What is required:
Each line in the material below, starting at the one that contains "Inglesina - Day Bag trio bag" and ending at the one that contains "Kitchen Design : Top", should be repeated exactly; the pictures should not.

Material provided:
Content starts

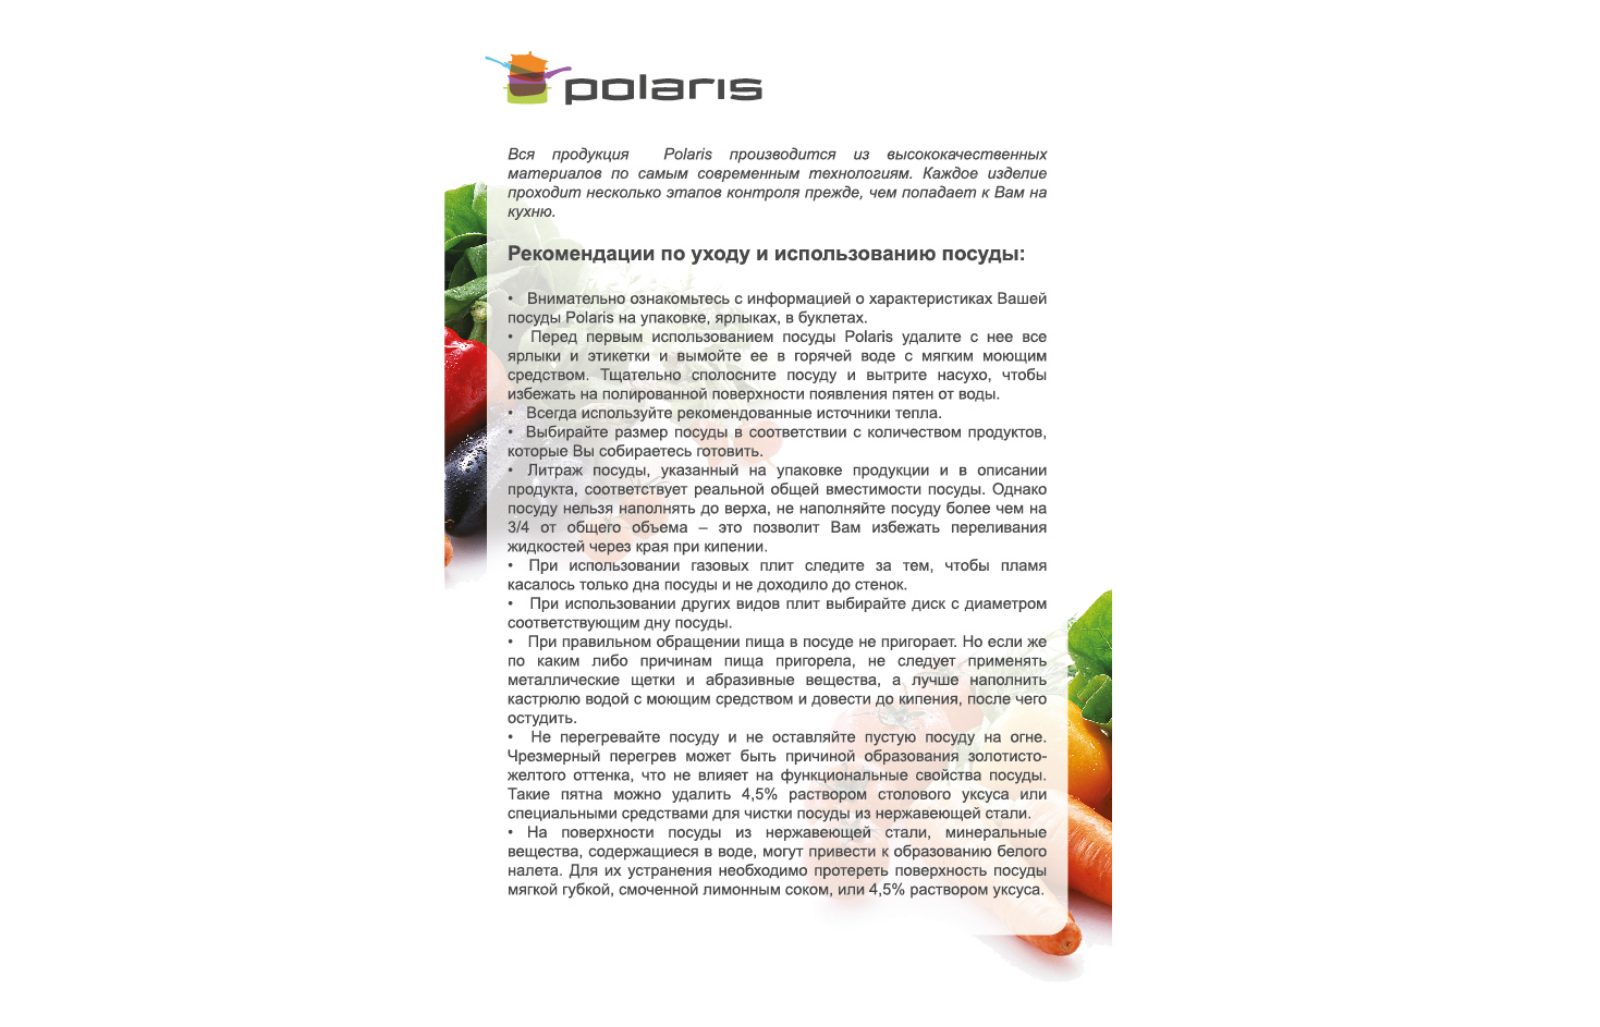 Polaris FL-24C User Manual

Content ends
Content starts

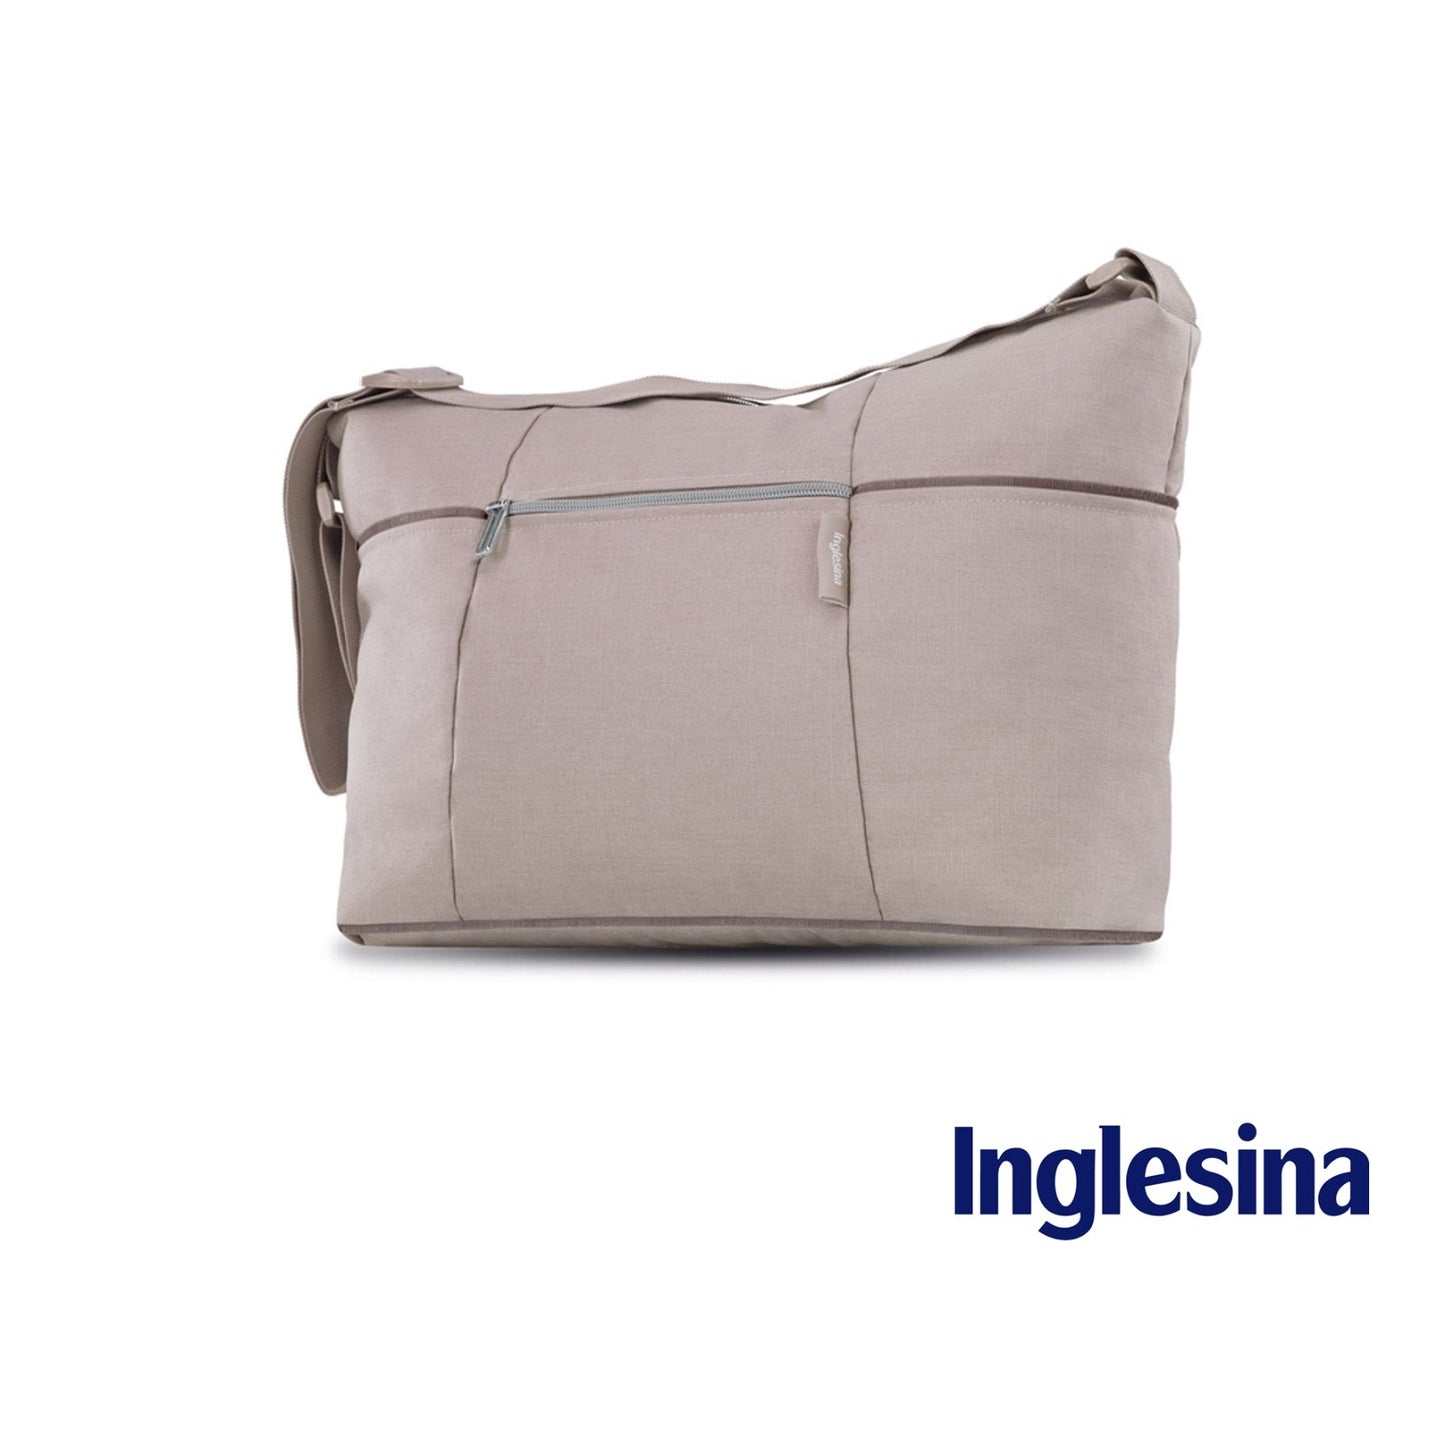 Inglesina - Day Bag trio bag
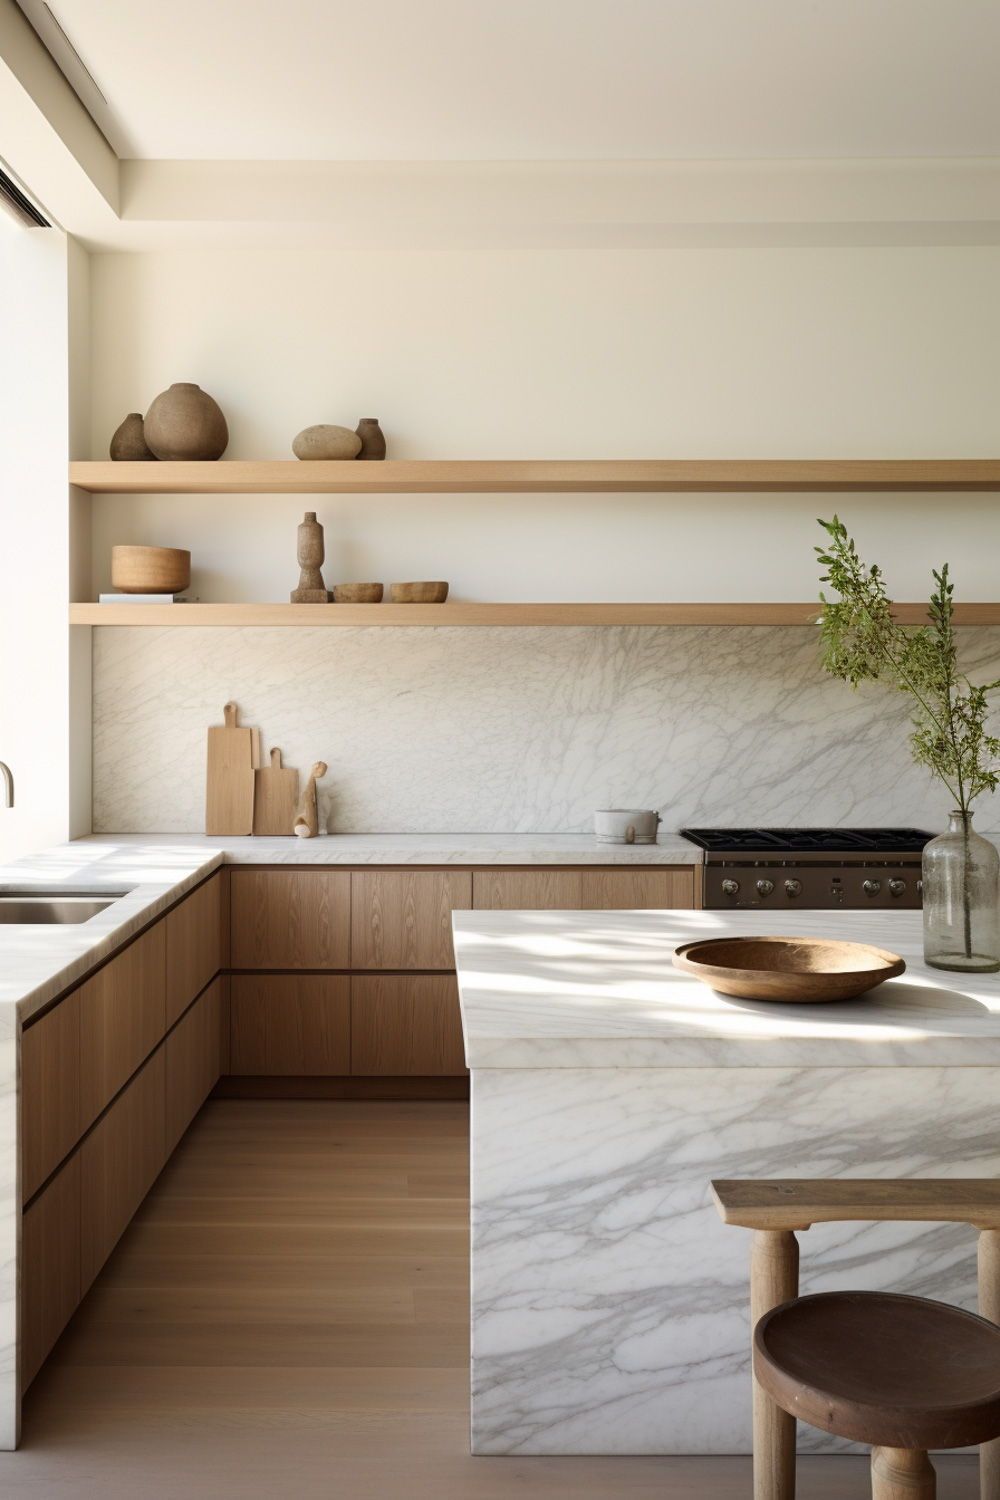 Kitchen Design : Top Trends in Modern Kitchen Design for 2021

Content ends

Exercise answer:
 Inglesina - Day Bag trio bag
 Kitchen Design : Top Trends in Modern Kitchen Design for 2021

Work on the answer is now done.